# Spalted Tiger Oak Pen



## GOoutdoors (Apr 1, 2017)

It's been a while since I've posted a pen project. Here is one I'm very proud of. Not only because of how it turned out, but it's also my first pen turning project I captured on YouTube. Feel free to check out the video and see how I made the pen.

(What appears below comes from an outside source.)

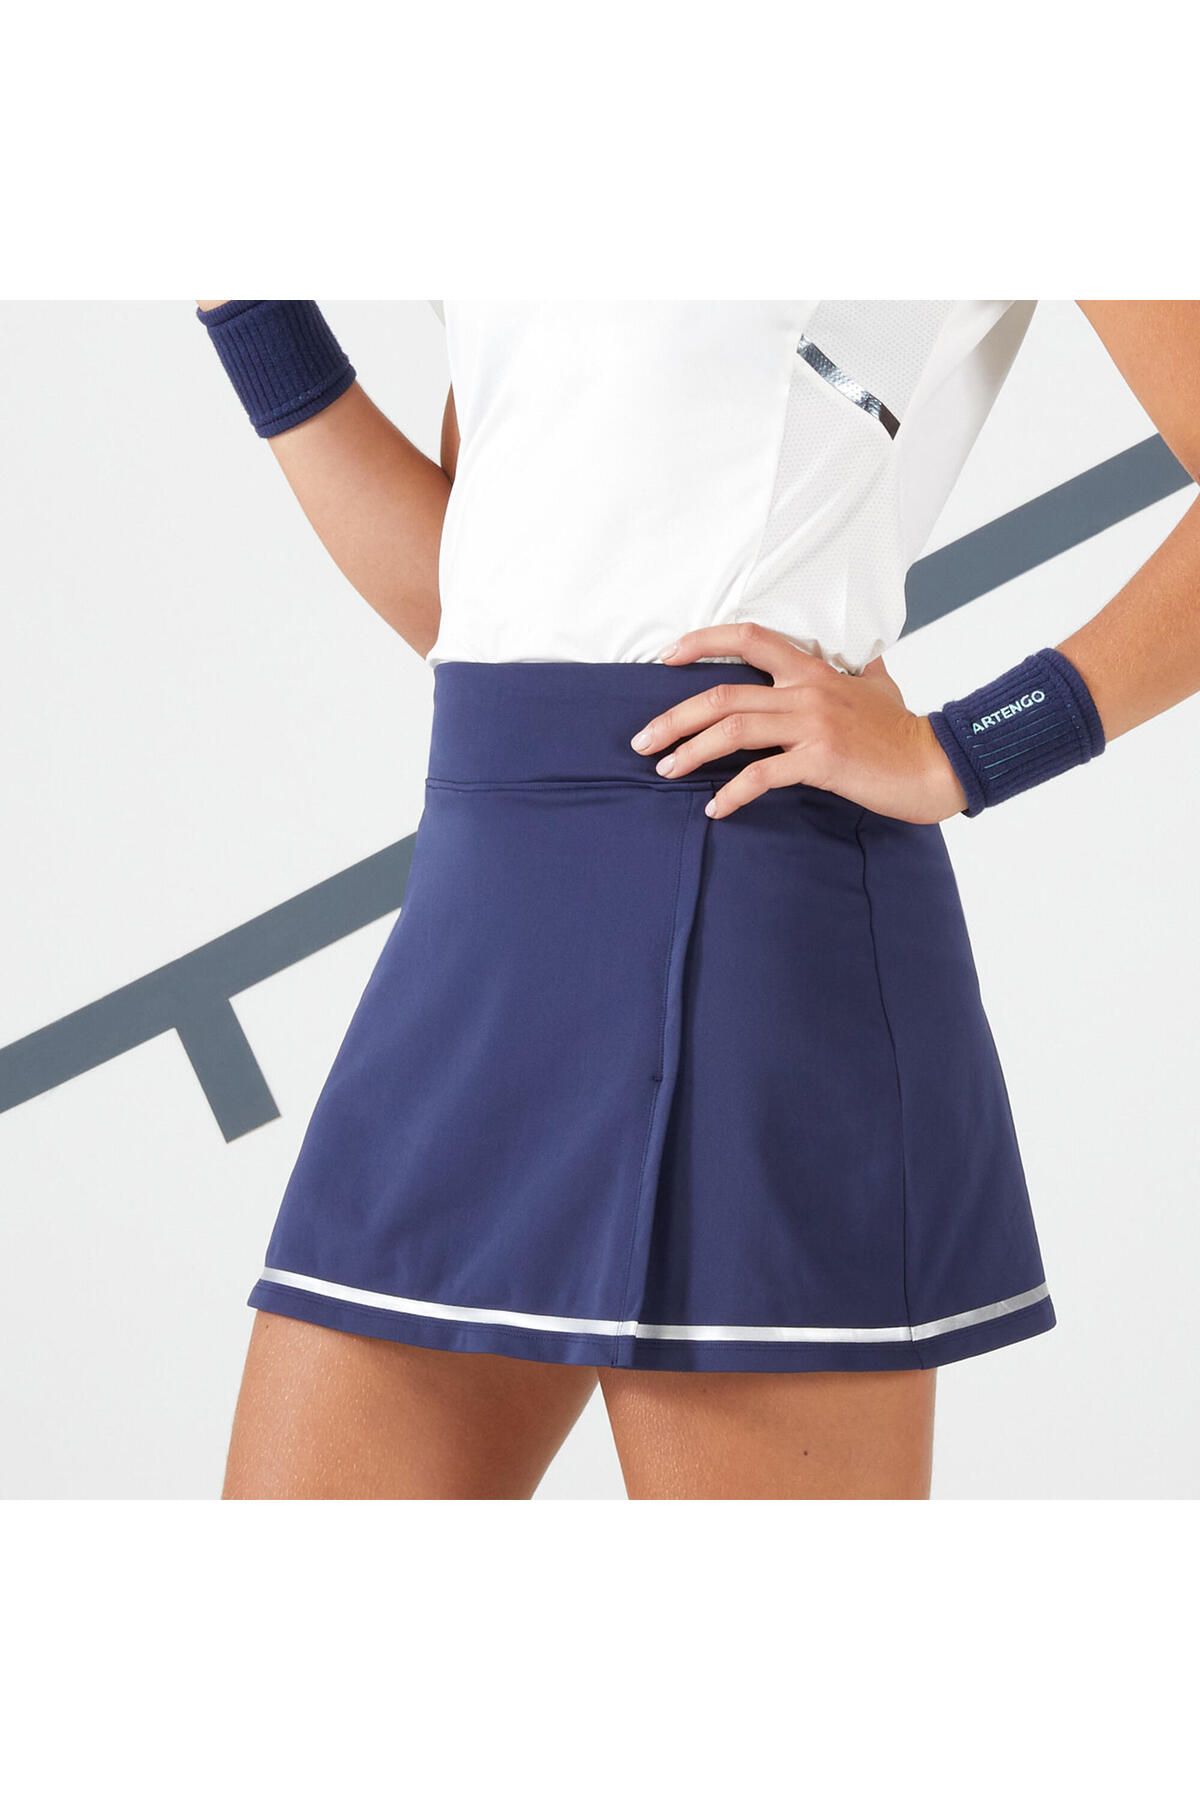 Decathlon Kadın Tenis Eteği - Lacivert - Dry 500

This is the ultra cigar pen kit, dressed in Spalted Tiger Oak. I finished it with a friction polish.


----------



## QuakerBoy (Apr 1, 2017)

Thats beautiful.  Nice piece of lumber


----------



## T-N-T (Apr 1, 2017)

Nice pen.  And thanks for sharing the video


----------



## muzzy17is (Apr 8, 2017)

Very nice!  Good job on the video too!


----------



## Freak Nasty (Jul 6, 2017)

Nice wood and the hardware goes perfect for the grain. Great job.


----------



## QuakerBoy (Jul 6, 2017)

Great job on that one


----------



## walkinboss01 (Jul 7, 2017)

Very nice work


----------



## Bkeepr (Jul 9, 2017)

Beautiful!


----------



## flintlocker (Jul 11, 2017)

That's a looker, nice work.


----------



## wvdawg (Jul 13, 2017)

Very nice!


----------